The victory celebrated by the reverse type of this aureus is thought to be that of Probus over the joint usurpers Proculus and Bonosus in AD 281. Their imperial reign only began the year before when the ambitious military tribune, Proculus, was invited to claim the imperial purple by the people of Lugdunum during a civic revolt against Probus. He was joined in his usurpation by Bonosus who had been in command of the Rhine fleet when it was burned by the Alemanni. Fearing punishment for this disaster, Bonosus avoided trouble simply by elevating himself to the status of emperor. If only all problems could be solved so easily.

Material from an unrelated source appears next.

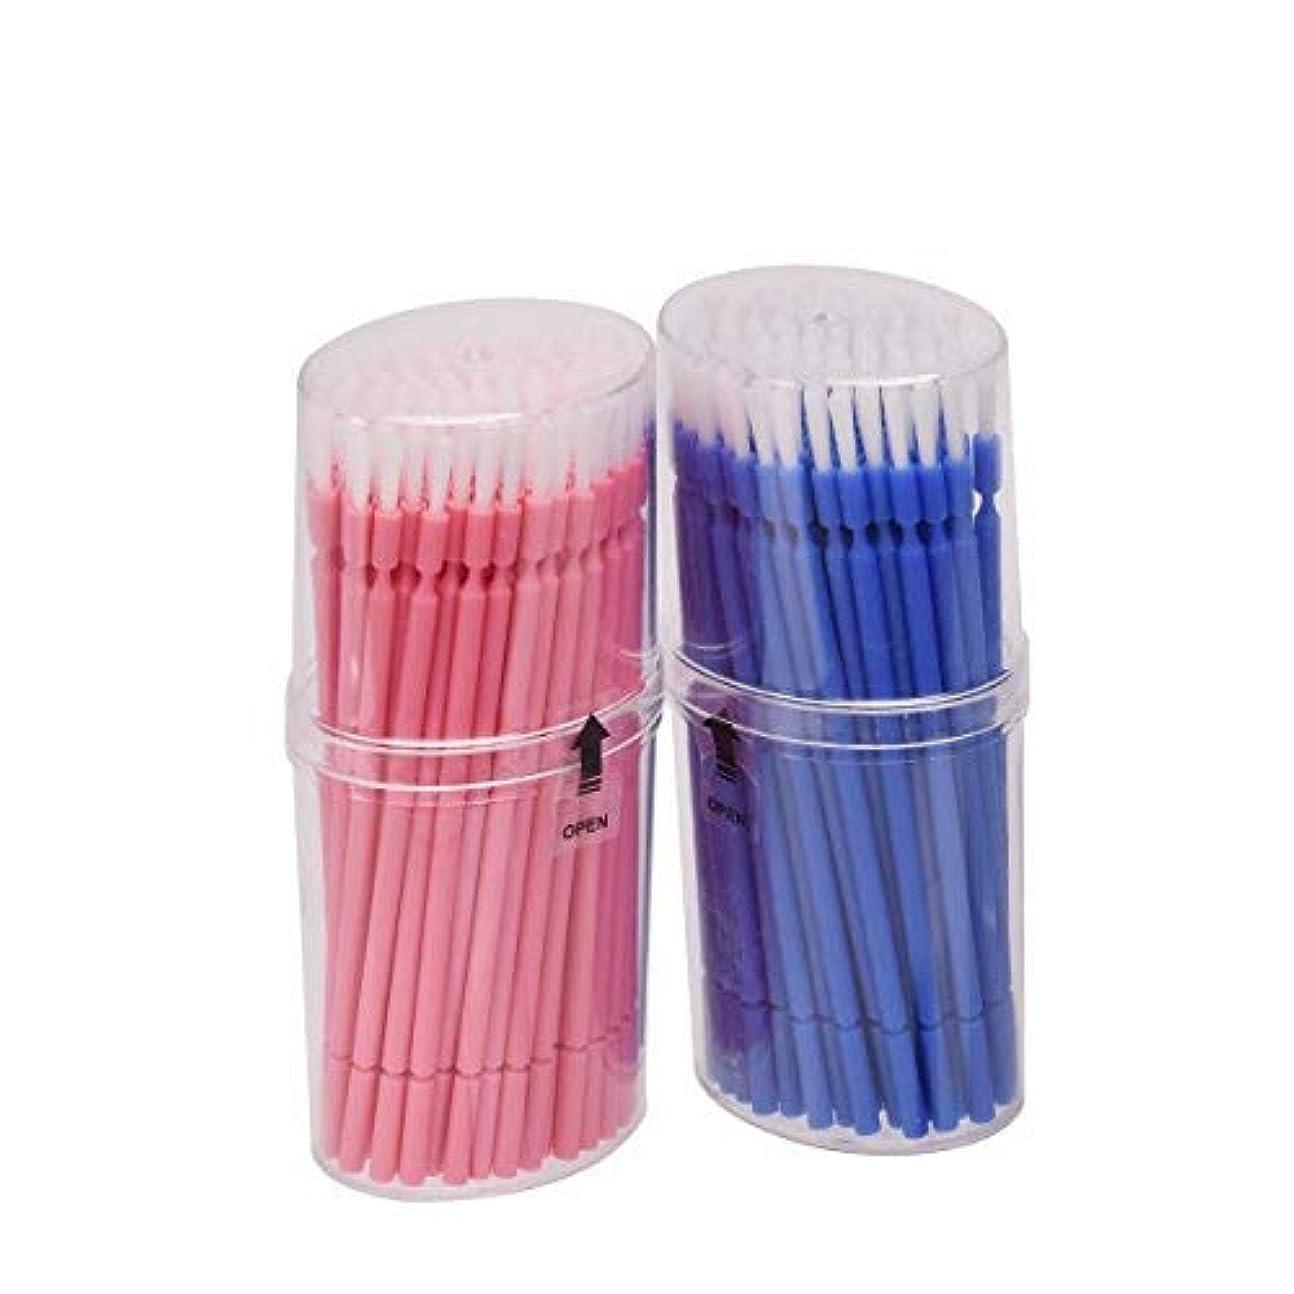 カレンダーためらう周辺マイクブラシ 歯科ブラシ 精密機器の細部の清掃など 幅広く使える 使い捨て 4*100=400本入り Annhua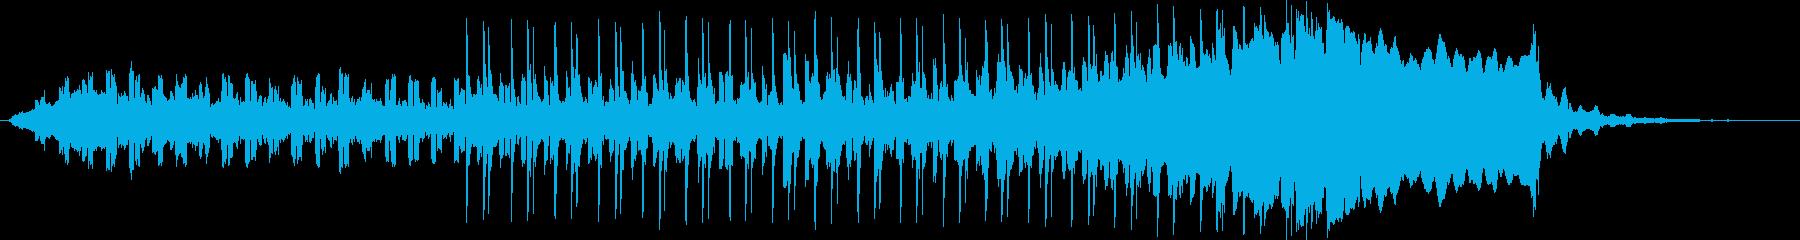 ユニークで催眠的な楽器。スペーシー...の再生済みの波形

When Probus returned from his war against the Sasanian Persian Empire, he marched against the two pretenders. Probus defeated the forces of Bonosus, who immediately hanged himself to avoid capture. Proculus could not withstand the advance of the avenging emperor either and sought aid from the Germanic Franks. He was gravely disappointed when instead of receiving military assistance he was betrayed into the hands of Probus. Proculus was no doubt disappointed even further when Probus ordered his execution. Much to Probus’ credit, however, he did not seize Proculus’ considerable personal fortune, nor did he exact any vengeance upon the families of Proculus or Bonosus. The sins of the fathers were paid for and there was no need to visit punishment on their sons as well.
Considering the historical context for the issue, it is hard to escape the possibility that the captives seated beneath the trophy might have been intended to represent the defeated usurpers themselves (although Bonosus was not actually captured alive). On the other hand, the captives might just stand for generic rebel soldiers who had fought for the usurpers against Probus.